住民投票の差し止めを求める
桜川市議有志8人が提訴

常陽新聞(2006/7/14)
 桜川市の市議有志グループが十三日までに、来月下旬にも実施が予想される市議会解散の賛否を問う住民投票の実施を行わないよう、市選管を相手取り水戸地裁に差し止め請求の訴えを起こした。
 提訴したのは今井房之助議長や塚本明副議長、稲葉安次郎市議らベテランを中心とする市議八人。すでに六日夕に記者会見し、代理人の弁護士も同席して訴えを起こすことを明らかにしていた。
 今井議長らは、合併特例法によって在任特例が適用され、旧町村議が市議として来年九月まで任期が延長されているのに、住民投票でこの決定がくつがえされるのは納得できない、として市選管に住民投票実施の差し止めを求めた。
 同議長は先の会見で「旧三町村の代表で構成した法定合併協議会で慎重に審議して承認し、三町村議会で議決した二年間の在任特例は重い。

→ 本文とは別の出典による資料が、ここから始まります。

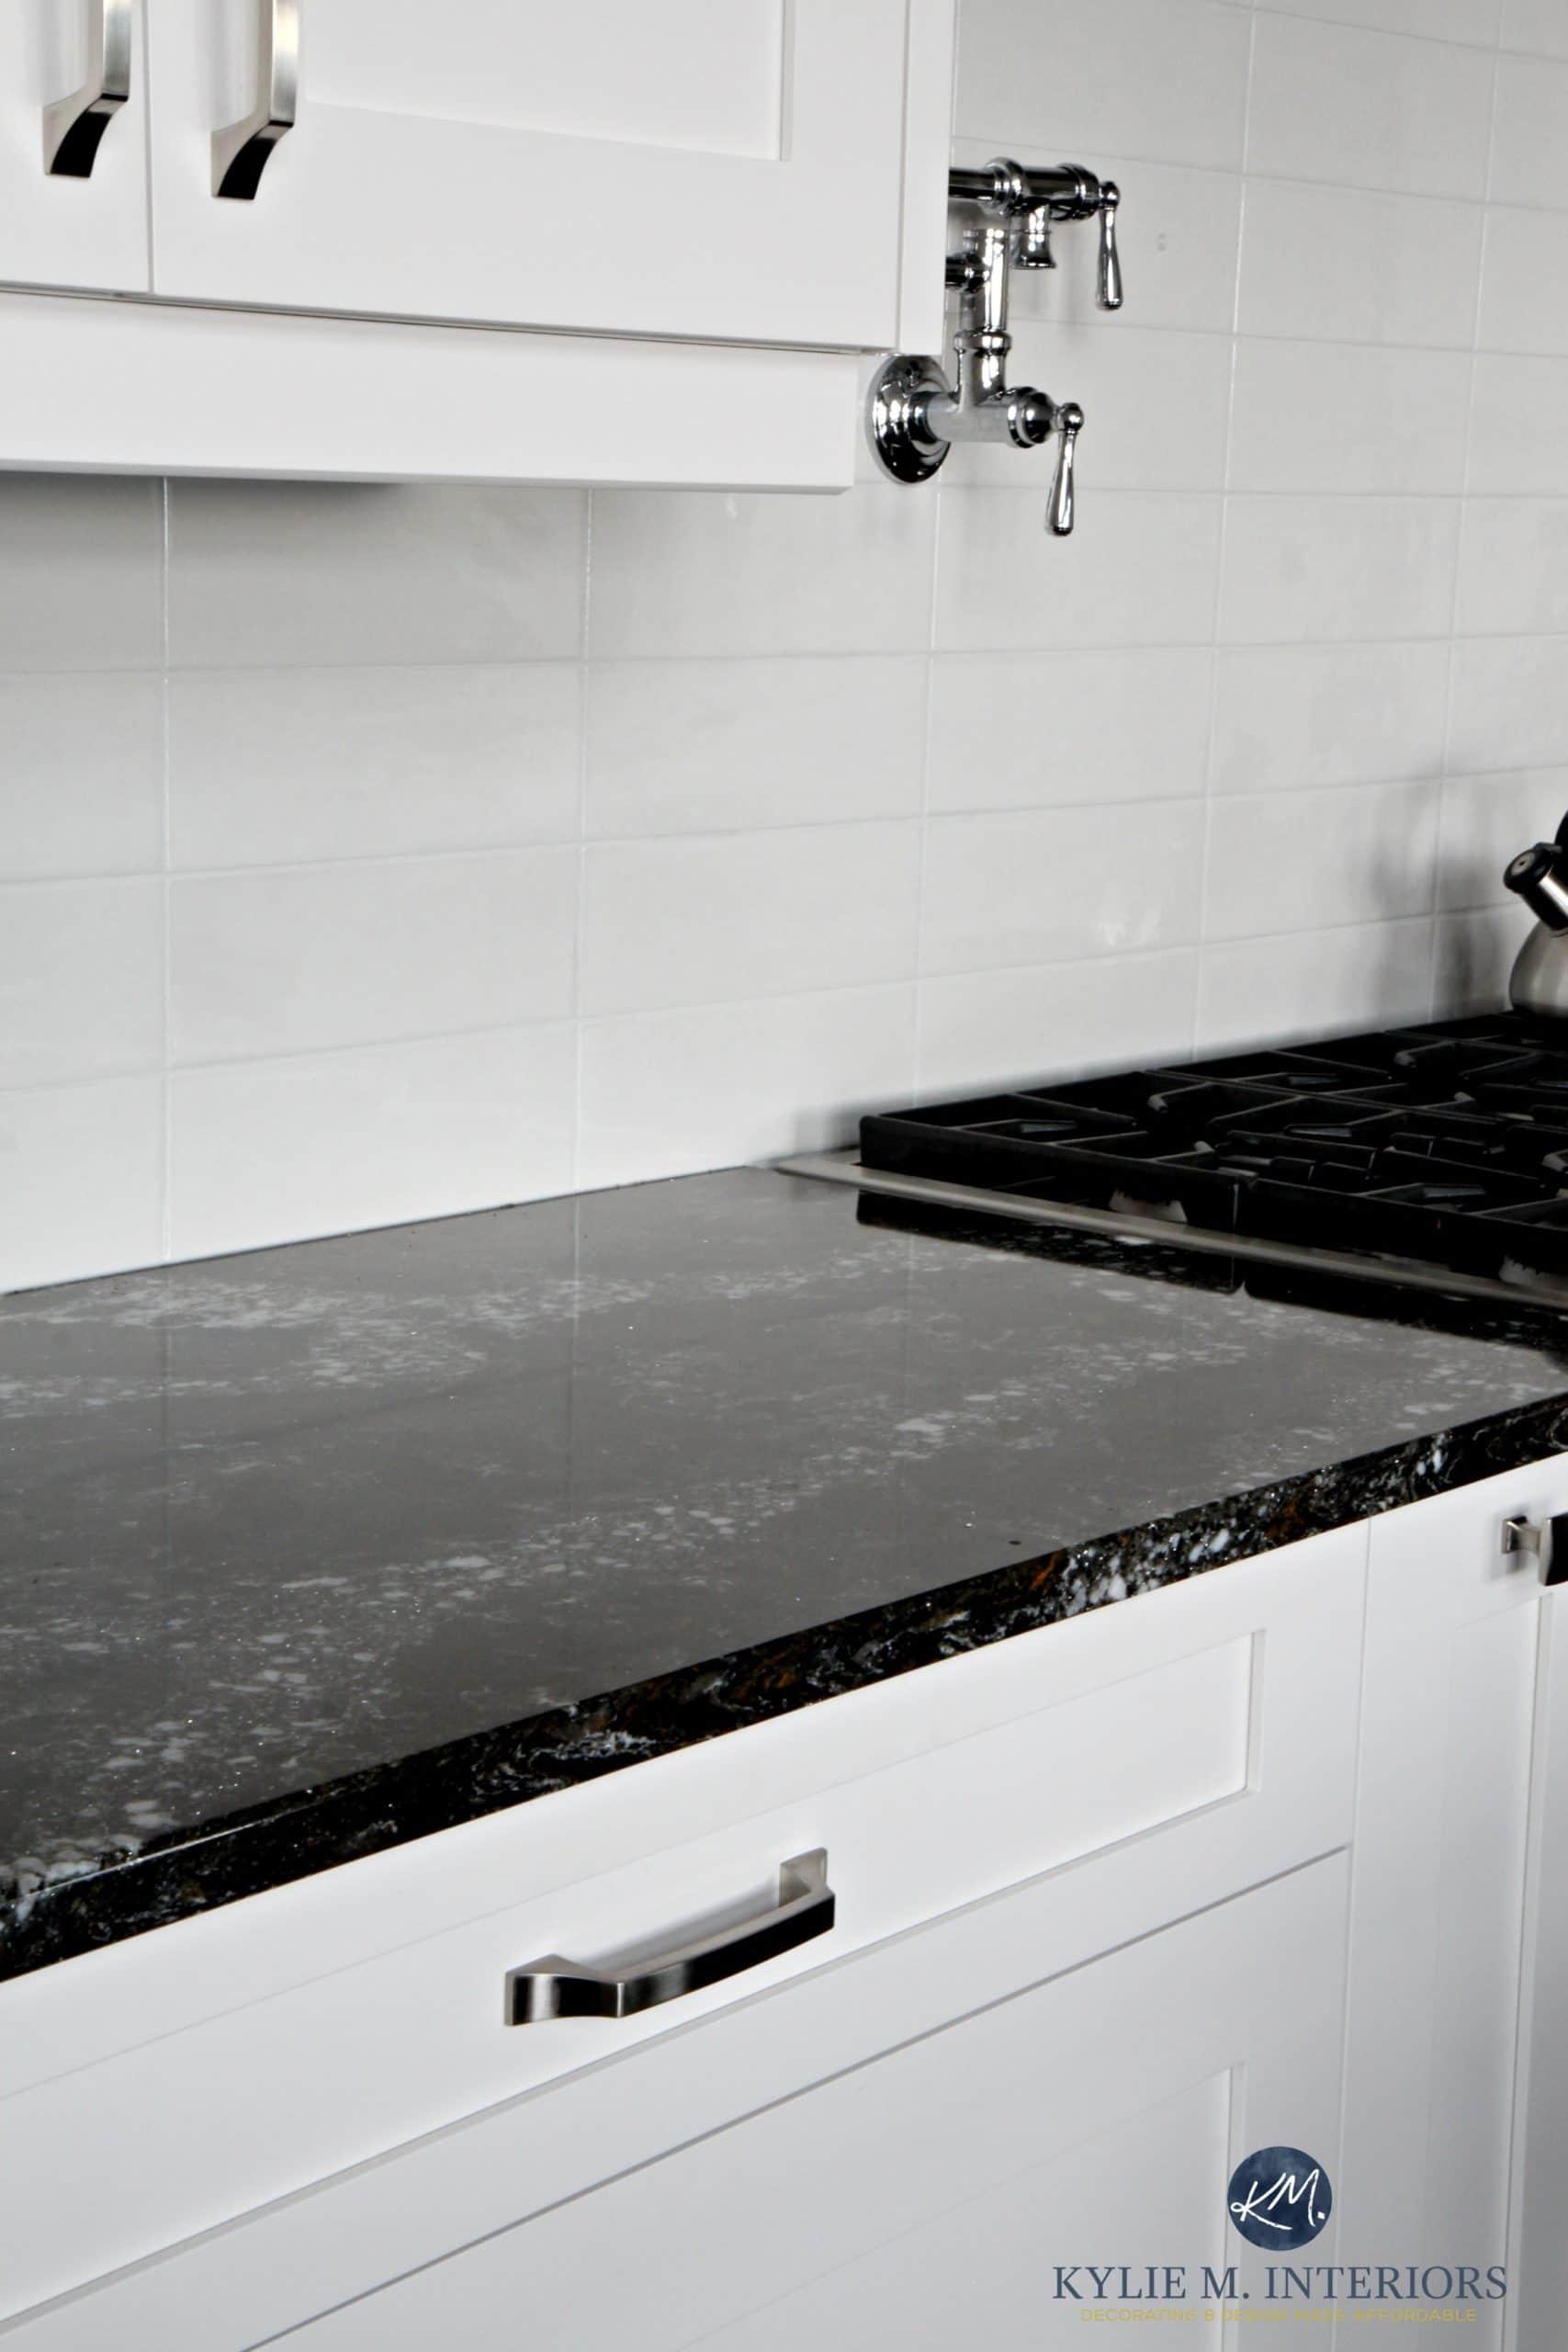 Precious Cambria Ellesmere Black Quartz Kitchen Cabinets Light Subway Tile Kylie M Interiors Decoratingand Design Cambria Ellesmere Black Quartz Kitchen Cabinets houzz-03 Gray Subway Tile

今になってわき起こった住民運動で一方的に打ち切られ、議員の身分を剥奪されるのはおかしい」などと主張。その上で「今後の合併のあり方を左右しかねないので、地方自治法で認められた住民の直接請求権と、合併特例法のどちらが優先するのか、司法の判断を仰ぎたい」としている。代理人によれば全国的にも珍しい訴訟という。
 これに対し、市議会解散の本請求をした市民団体「桜川市民の声」の中島市郎代表は「もはやi怒りを通り越して言葉がない。いったいどういう感覚をしているのか。議員は住民の代表だとしても、住民によって選ばれた存在。どうしてもっと謙虚になれないのか」と話している。

 先日このブログ「桜川市で一部議員が住民投票差し止めを提訴へ」で触れたように、さくら川市議会議員の一部が市選管を相手取った訴訟を起こしました。訴状の詳細を入手していませんので詳しい論評はできませんが、「地方自治法で認められた住民の直接請求権と、合併特例法のどちらが優先するのか、司法の判断を仰ぎたい」ということが主旨であれば、東かがわ市の事例における高松高裁判決で結論が出てしまっています。(高松高裁では、地方自治法と合併特例法のどちらが優先されるべき法律かについては触れていません)
 原告らは、本件投票は、地方自治法76条3項の規定に基づき執行されたものであるが、議会の解散請求は、直接民主主義に基づく住民自治の徹底を期すために特別に定められた規定であって、議会運営が公平を欠いたり、住民意思と議会全体の意思との乖離が存する場合など、正当ないし相当な理由が必要であるなど一定の制限があるというべきものであるが、本件投票の理由からすれば、本件投票には上記要件が欠けており、無効であると主張する。
 しかしながら、議会の解散請求(地方自治法76条)は、普通地方公共団体の住民が選任した議員によって構成される議会の運営が住民の意思に反するものと認められる場合に、議員の任期満了前に、現任議員全員の資格を奪って、現任議員による議会の構成を廃止し、新たな議員による議会の成立を図るため、議員の一般選挙を要求するものであるところ、憲法は、地方公共団体の議会については、議員全員が住民の直接選挙によるものと定めている(93条2項)。
 合併協議会は、適法に構成されたものではあったが、直接的に住民の意思を反映させる形態ではなかったことは、その構成方法から明らかである。したがって、合併協議会により、新市の議員として認められた東かがわ市議会議員について、東かがわ市の住民が、直接的に、意思を反映させるために、本件投票が行われたものである。
 したがって、合併協議会により任期を2年と定められた東かがわ市議会及び同議員については、本件投票により、直接民主制によって住民意思を図ることは、地方自治法76条に反することはなく、適法である。